Hi,
I think there was some discussion about seq scans messing up the cache, and talk about doing something about it but I don't think it has been addressed yet. Maybe worth a troll through the archives.
It is certainly true that in many situations, a seq scan is preferable to using an index. I have been testing a situation here on two versions of the same database, one of the databases is much bigger than the other (artificially bloated for testing purposes). Some of the query plans change to use seq scans on the big database, where they used indexes on the little database - but either way, in *single user* testing the performance is fine. My concern is that this kind of testing has very little relevance to the real world of multiuser processing where contention for the cache becomes an issue. It may be that, at least in the current situation, postgres is giving too much weight to seq scans based on single user, straight line performance comparisons. If your assumption is correct, then addressing that might help, though it's bound to have it's compromises too...
regards Iain
----- Original Message ----- From: "Mark Aufflick" <[EMAIL PROTECTED]>
To: <pgsql-performance@postgresql.org>
Sent: Tuesday, February 15, 2005 8:34 AM
Subject: [PERFORM] seq scan cache vs. index cache smackdown
Hi All,
I have boiled my situation down to the following simple case: (postgres version 7.3)

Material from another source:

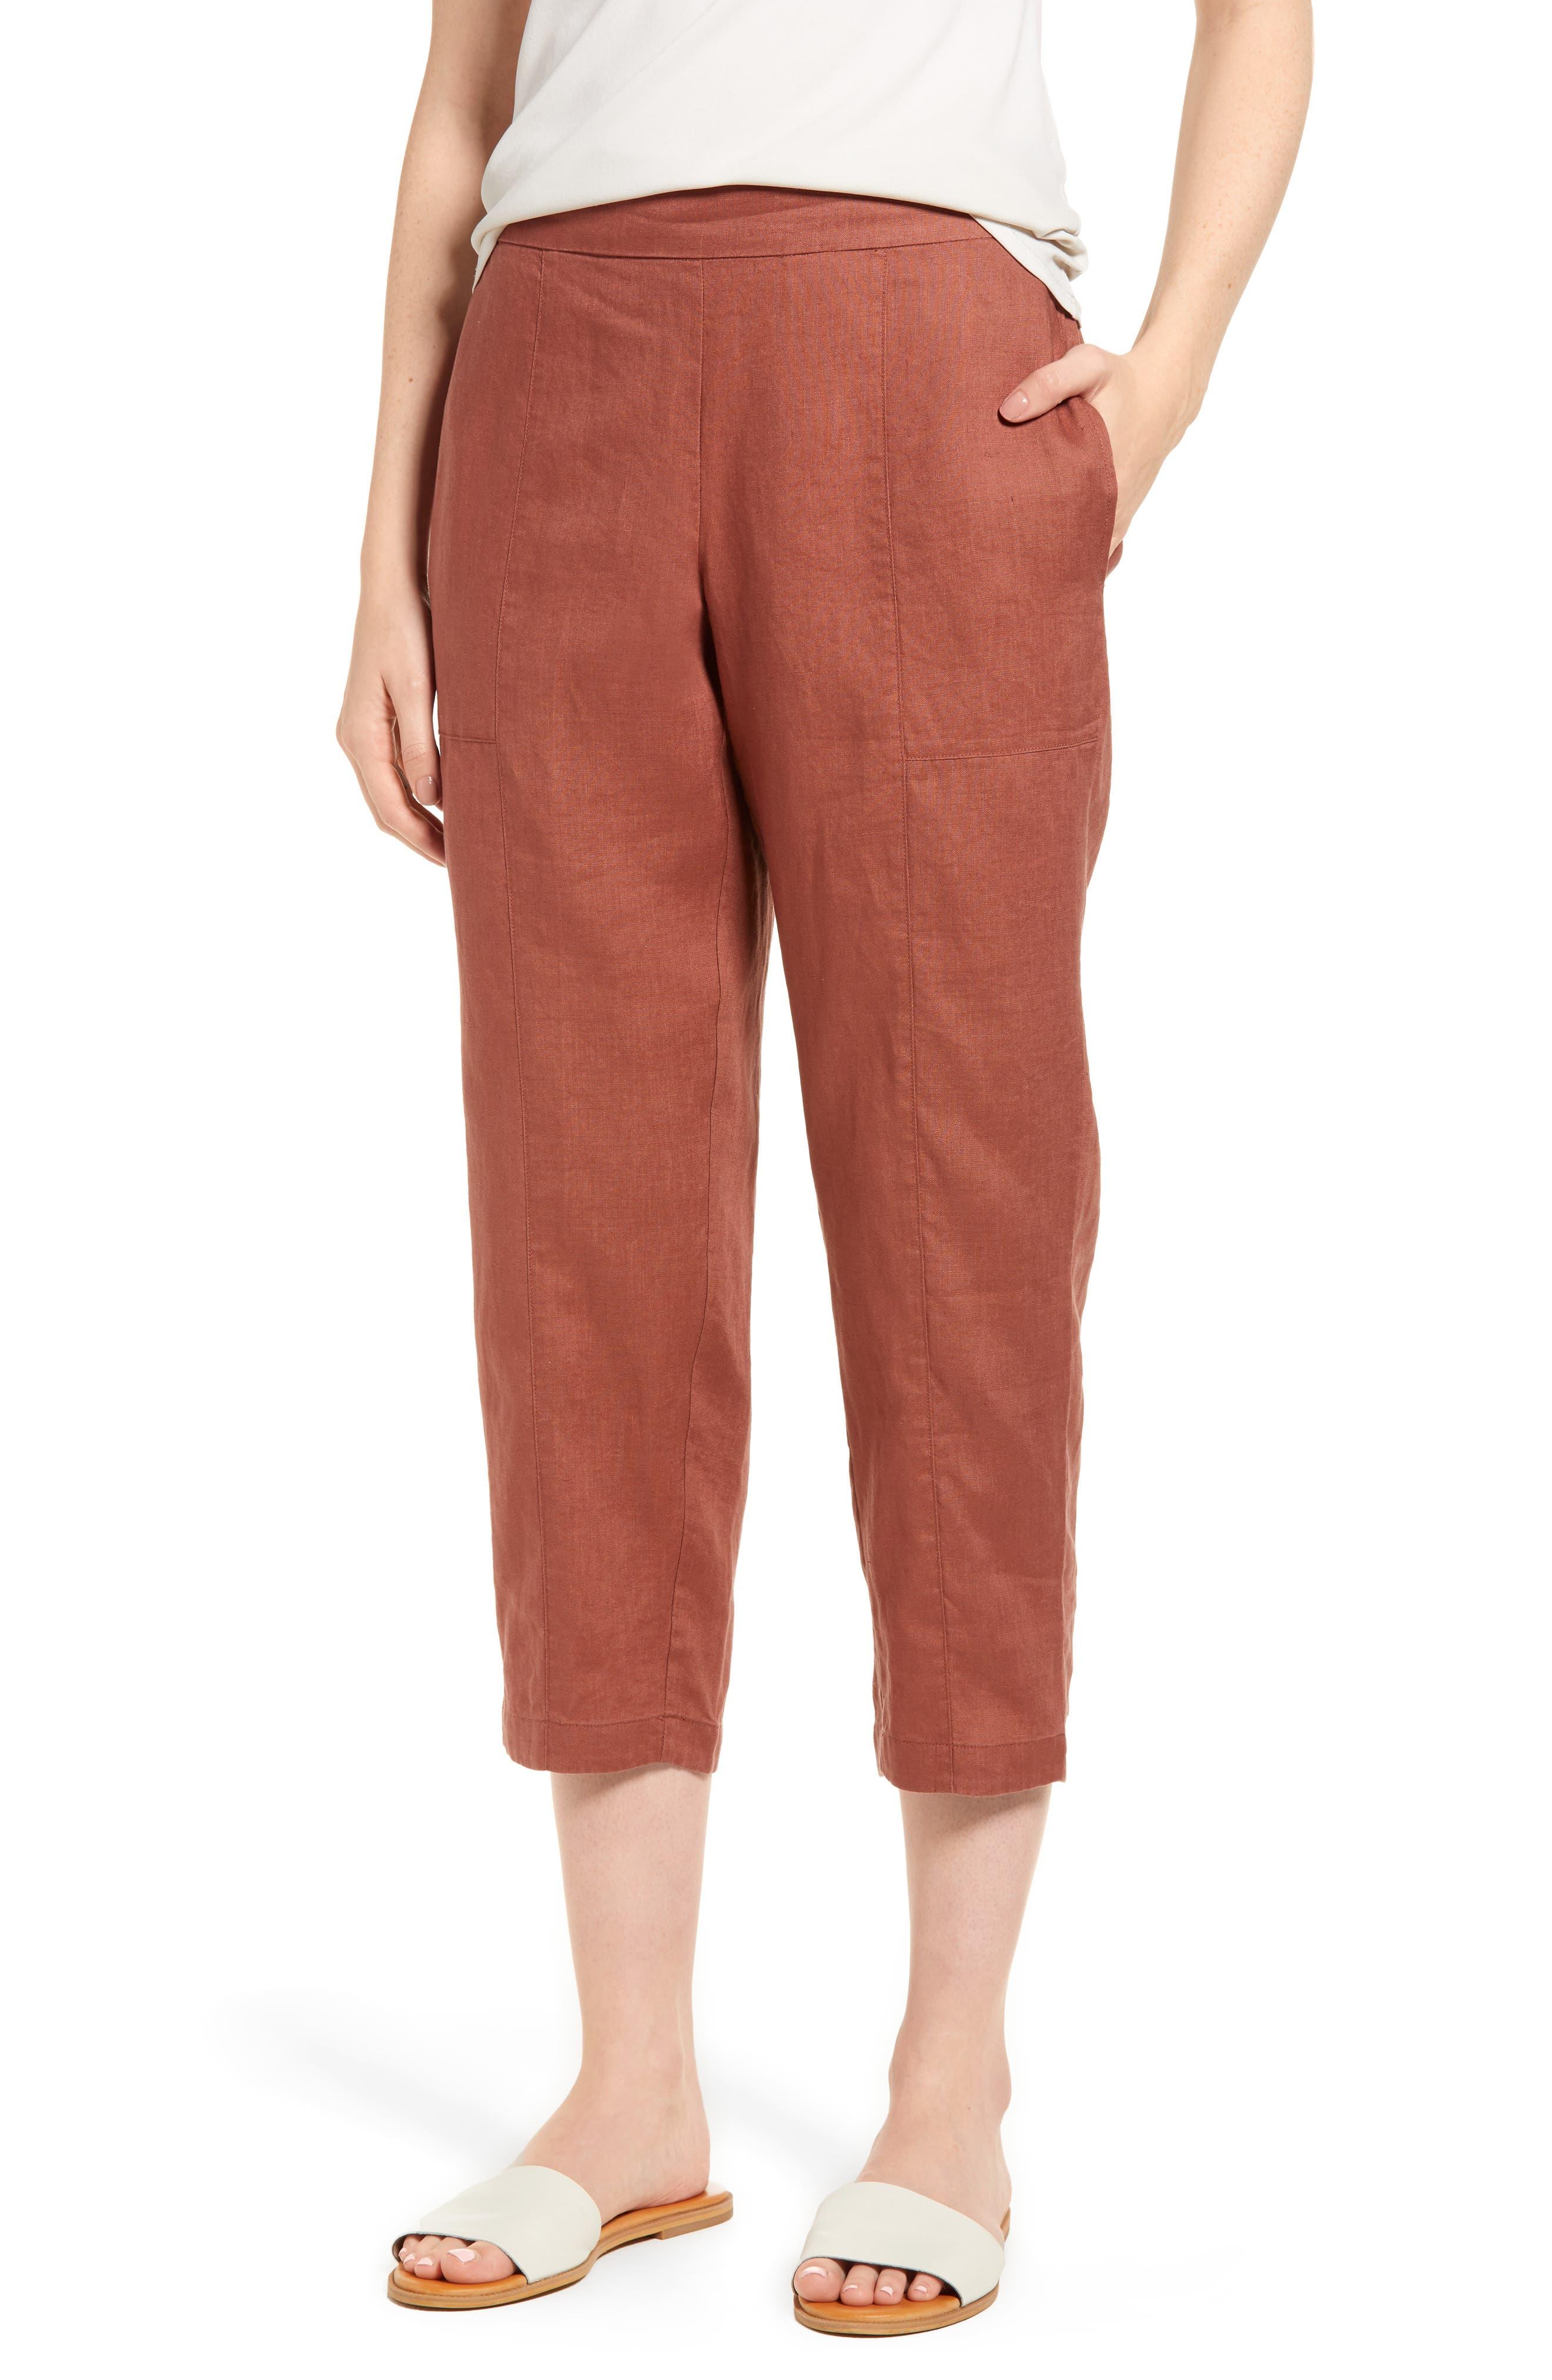 Organic Linen Crop Pants,                             Main thumbnail 1, color,                             Russet

* Query 1 is doing a sequential scan over a table (courtesy of field ILIKE 'foo%') and index joins to a few others
* Query 2 is doing a functional index scan over the same table (lower(field) LIKE 'foo%') and index joins to a few others
* neither query has an order by clause
* for the purpose of testing, both queries are designed to return the same result set
Obviously Q2 is faster than Q1, but if I ever run them both at the same time (lets say I run two of Q1 and one of Q2 at the same time) then Q2 consistently returns WORSE times than Q1 (explain analyze confirms that it is using the index).
My assumption is that the sequential scan is blowing the index from any cache it might live in, and simultaneously stealing all the disk IO that is needed to access the index on disk (the table has 200,000 rows).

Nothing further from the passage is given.